Segment Start: EXERCISE DATA
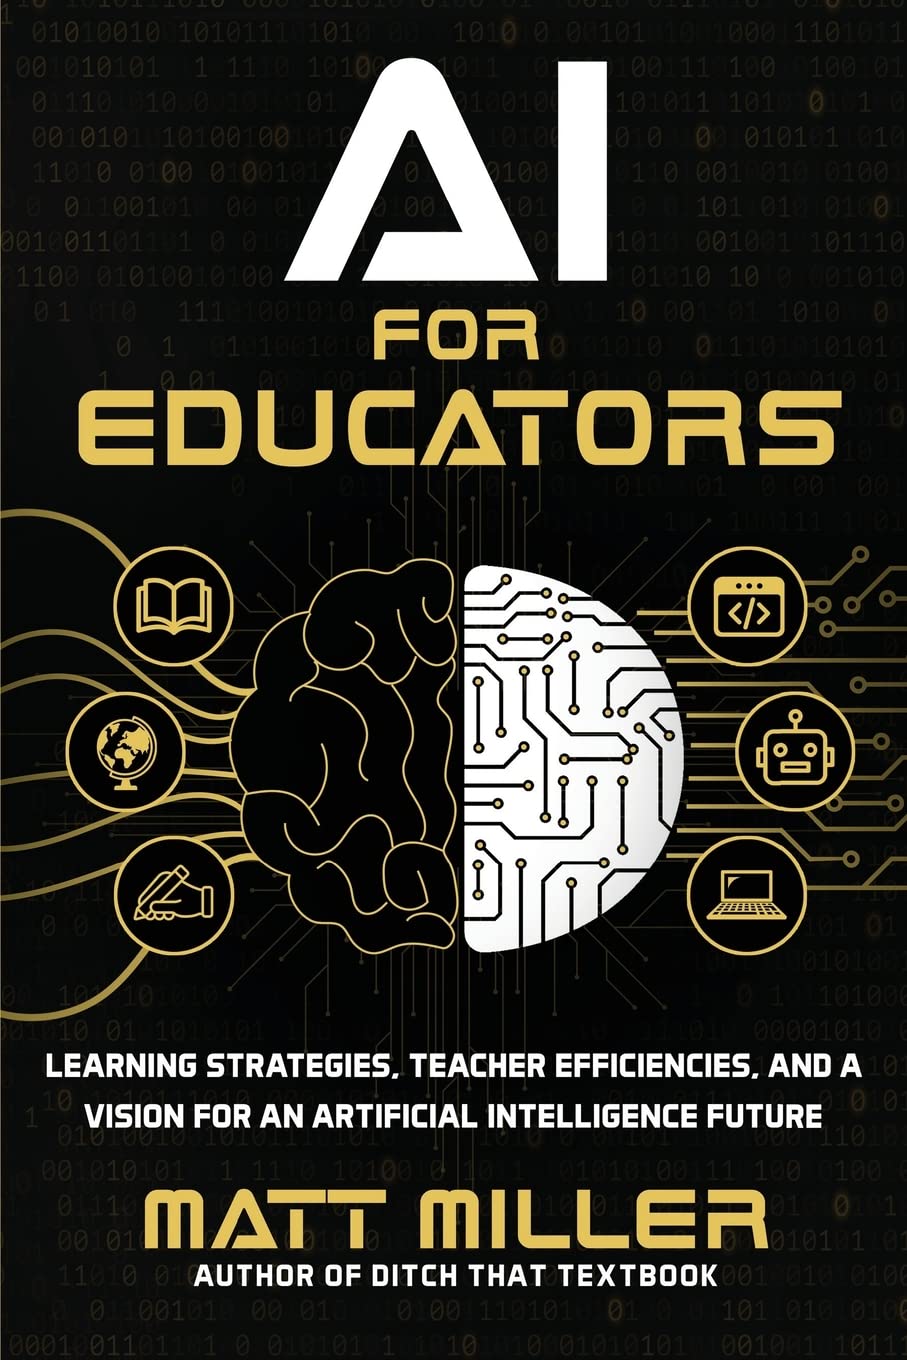 Image AI for educators : learning strategies, teacher efficiencies, and a vision for an artificial intelligence future
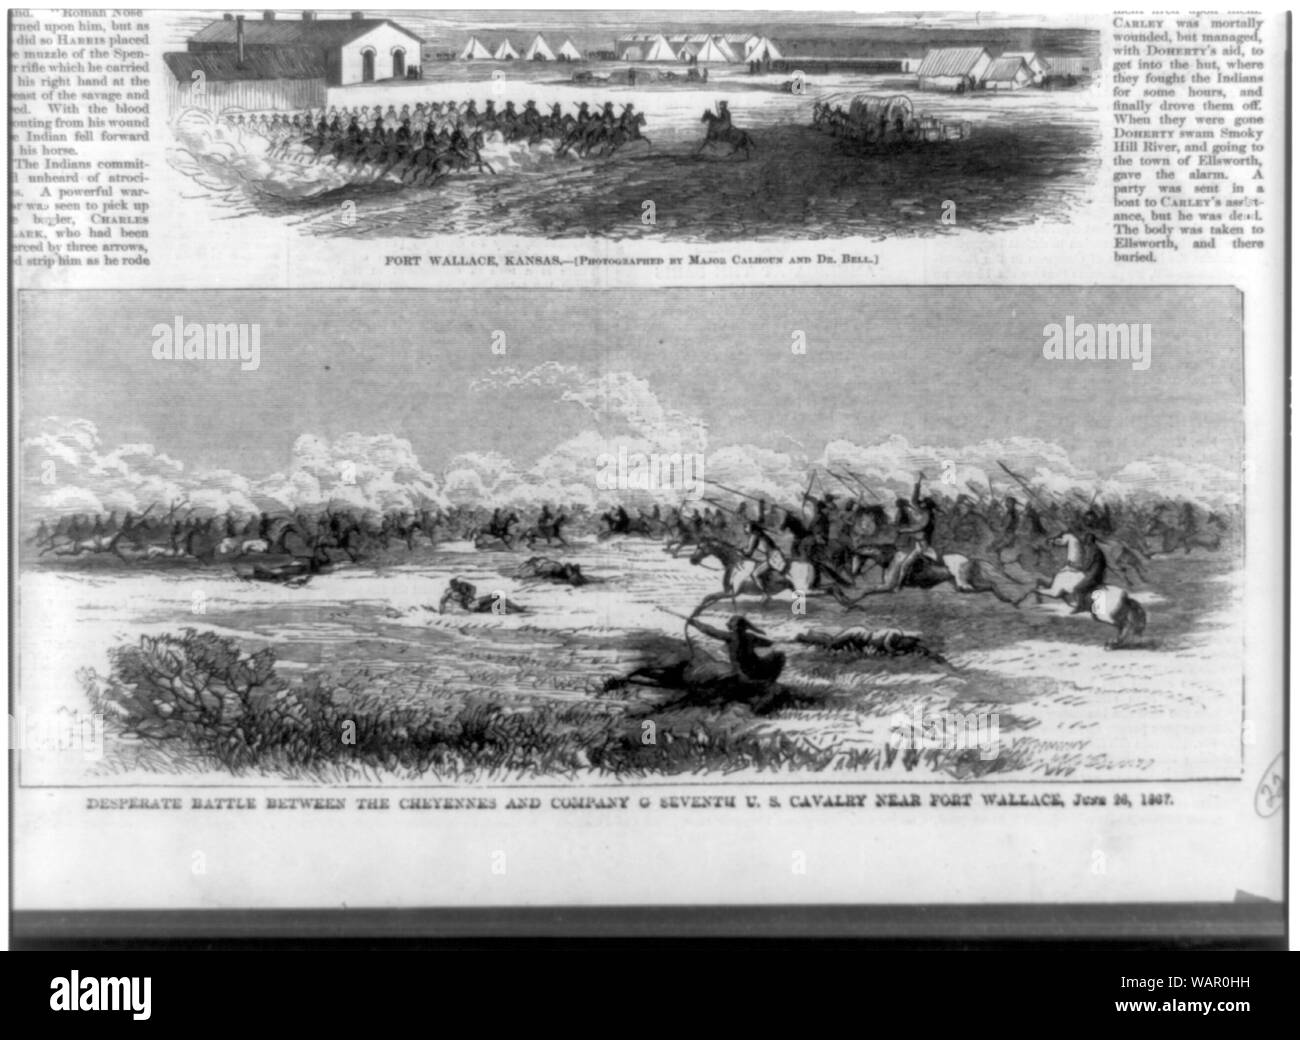 Desperate battle between the Cheyennes and Company C Seventh U.S ...
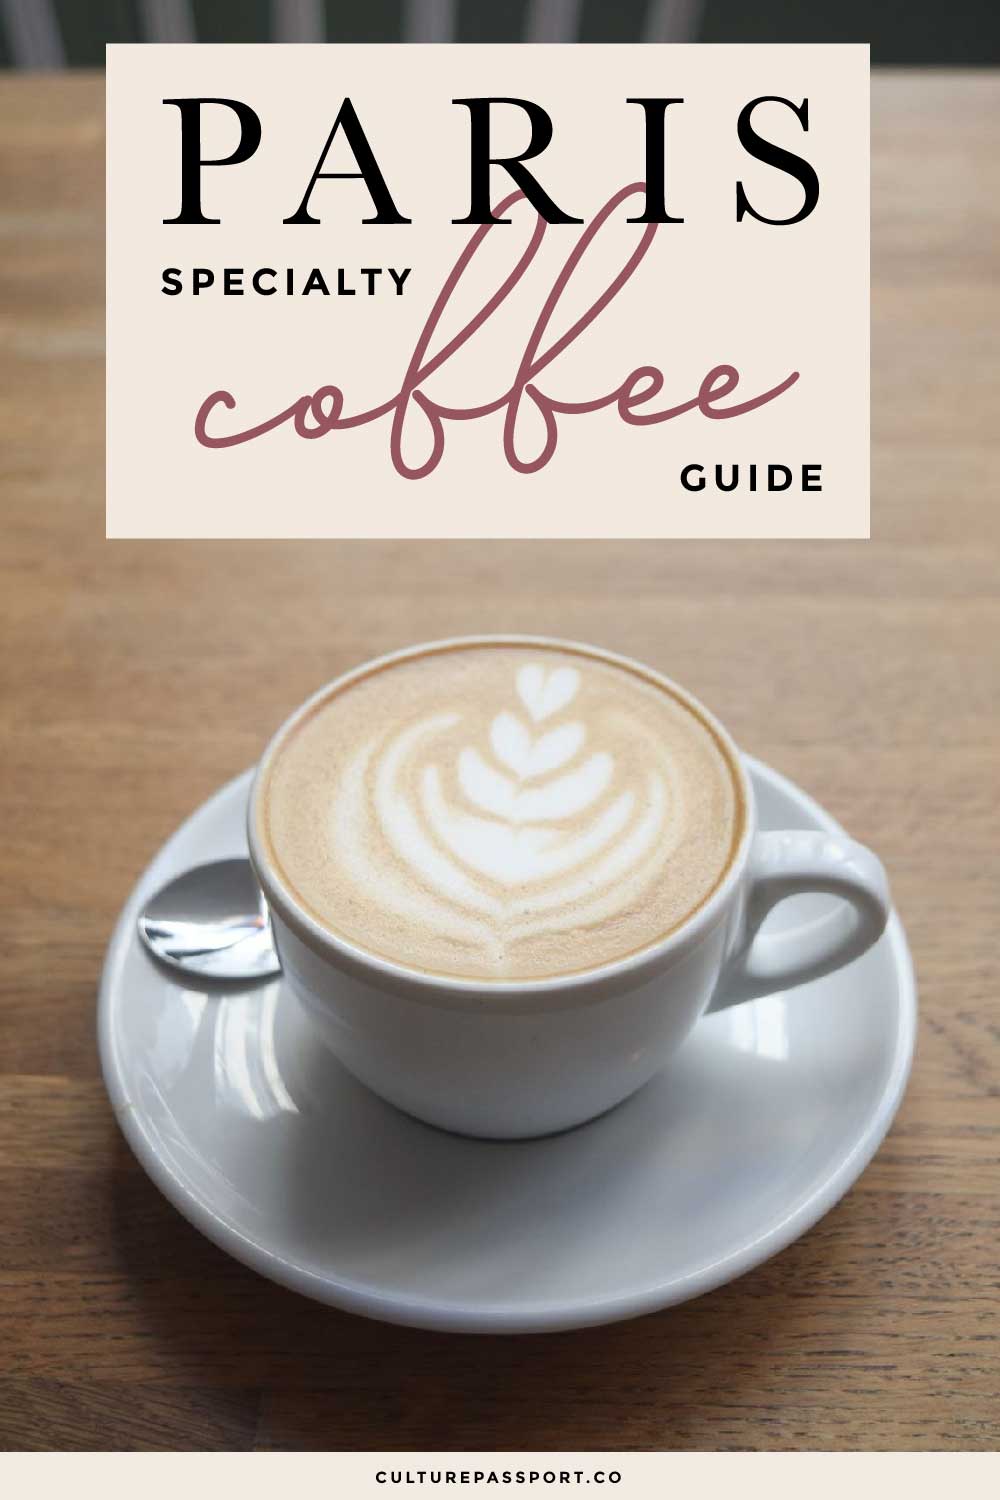 Paris Specialty Coffee Guide #coffeeaddict #coffeelovers #paristips
Segment End: EXERCISE DATA
--- ASSIGNED TASK ---
Word for word, write out the full listing, leaving the pictures aside.

--- RESULT FOR THIS EXERCISE ---
 Image AI for educators : learning strategies, teacher efficiencies, and a vision for an artificial intelligence future
 Desperate battle between the Cheyennes and Company C Seventh U.S ...
 Paris Specialty Coffee Guide #coffeeaddict #coffeelovers #paristips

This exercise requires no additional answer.